Les avantages de la ventilation vont bien au-delà du coronavirus. Et si nous arrêtions aussi de prendre le rhume et la grippe pour acquis ?
Repéré sur The Atlantic. Lorsque Londres a vaincu le choléra au 19e siècle, il a fallu non pas un vaccin ou un médicament, mais un système d’égouts. L’eau potable de la ville se mélangeait aux déchets humains, propageant des bactéries dans une épidémie mortelle après l’autre. Un nouveau réseau complet d’égouts séparait les deux. Londres n’a jamais connu d’épidémie majeure de choléra après 1866. Il suffisait de 318 millions de briques, de 23 millions de pieds cubes de béton et d’une refonte majeure du paysage urbain.Le 19e et le début du 20e siècle ont vu un certain nombre d’efforts de santé publique ambitieux comme celui-ci. Les États-Unis ont éliminé la fièvre jauneet le paludisme , par exemple, grâce à une combinaison de pesticides, de gestion du paysage à grande échelle et de moustiquaires aux fenêtres qui éloignent les moustiques. Une à une, les maladies que les gens acceptaient comme des faits inévitables dans la vie – la dysenterie, la typhoïde, le typhus, pour n’en nommer que quelques-uns d’autres – sont devenues inacceptables dans le monde en développement. Mais après tout ce succès, après tout ce que nous avons fait pour empêcher la propagation des maladies par l’eau et les insectes, nous semblons avoir oublié quelque chose. Nous avons négligé l’air.

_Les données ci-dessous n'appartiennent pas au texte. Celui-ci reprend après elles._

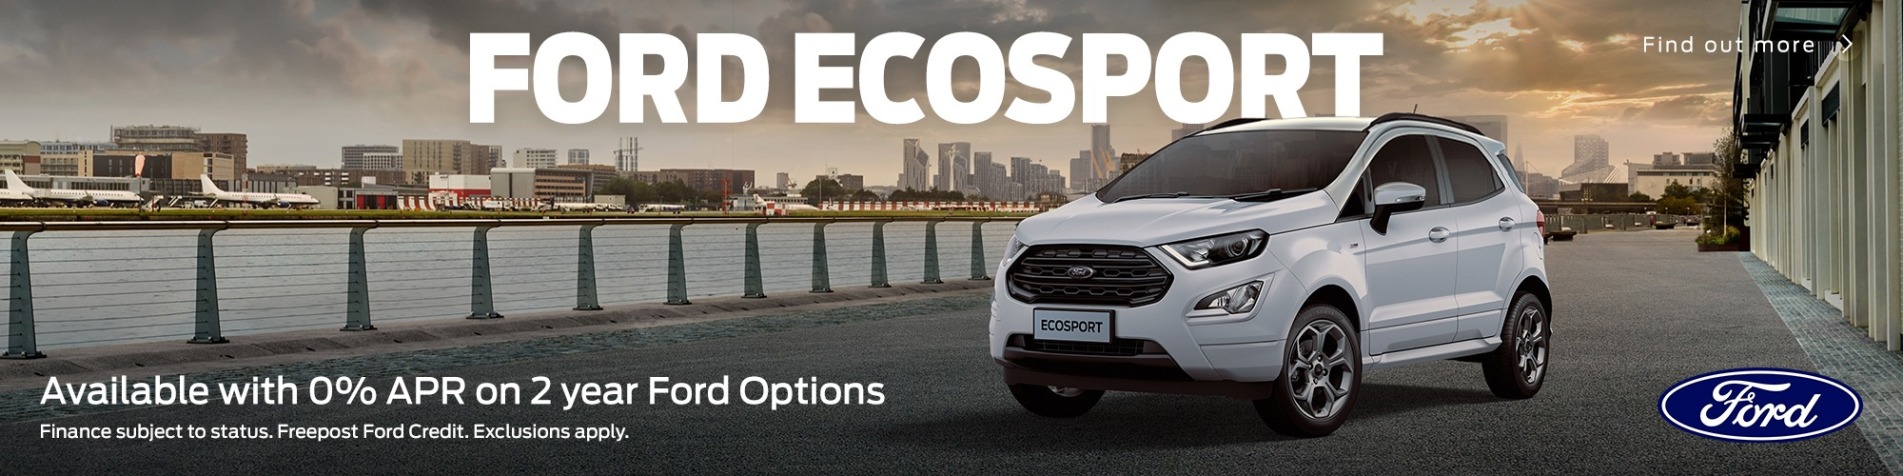 Ford Ecosport Q4

Cela s’est avéré avoir des conséquences dévastatrices pour le début de la pandémie de coronavirus. Le dogme d’origine, vous vous en souvenez peut-être, était que le nouveau coronavirus se propageait comme la grippe, à travers des gouttelettes qui tombaient rapidement de l’air. Nous n’avions pas besoin de ventilation ni de masques ; nous devions nous laver les mains et désinfecter tout ce que nous touchions . Mais un an et demi de preuves ont clairement montré que les minuscules particules chargées de virus s’attardent effectivement dans l’air des zones mal ventilées. Cela explique pourquoi l’extérieur est plus sûr qu’à l’intérieur, pourquoi une seule personne infectée peut se propager à des dizaines d’autres sans leur parler ou les toucher directement. Si nous devons vivre avec ce coronavirus pour toujours – comme cela semble très probable – certains scientifiques font maintenant pression pour réimaginer la ventilation des bâtiments etassainir l’air intérieur . Nous ne buvons pas d’eau contaminée. Pourquoi tolérons-nous de respirer de l’air contaminé?
Il ne s’agit pas seulement de COVID-19. Les scientifiques qui ont reconnu très tôt la menace du coronavirus aéroporté l’ont fait parce qu’ils ont passé des années à étudier des preuves que, contrairement à la sagesse conventionnelle, les maladies respiratoires courantes telles que la grippe et le rhume peuvent également se propager dans l’air. Nous avons longtemps accepté les rhumes et les grippes comme des faits inévitables de la vie, mais le sont-ils ? Pourquoi ne pas repenser les flux d’air dans nos bâtiments pour les empêcher aussi ? De plus, dit Raymond Tellier, microbiologiste à l’Université McGill, il est peu probable que le SRAS-CoV-2 soit la dernière pandémie aéroportée. Les mêmes mesures qui nous protègent des virus courants pourraient également nous protéger du prochain agent pathogène inconnu.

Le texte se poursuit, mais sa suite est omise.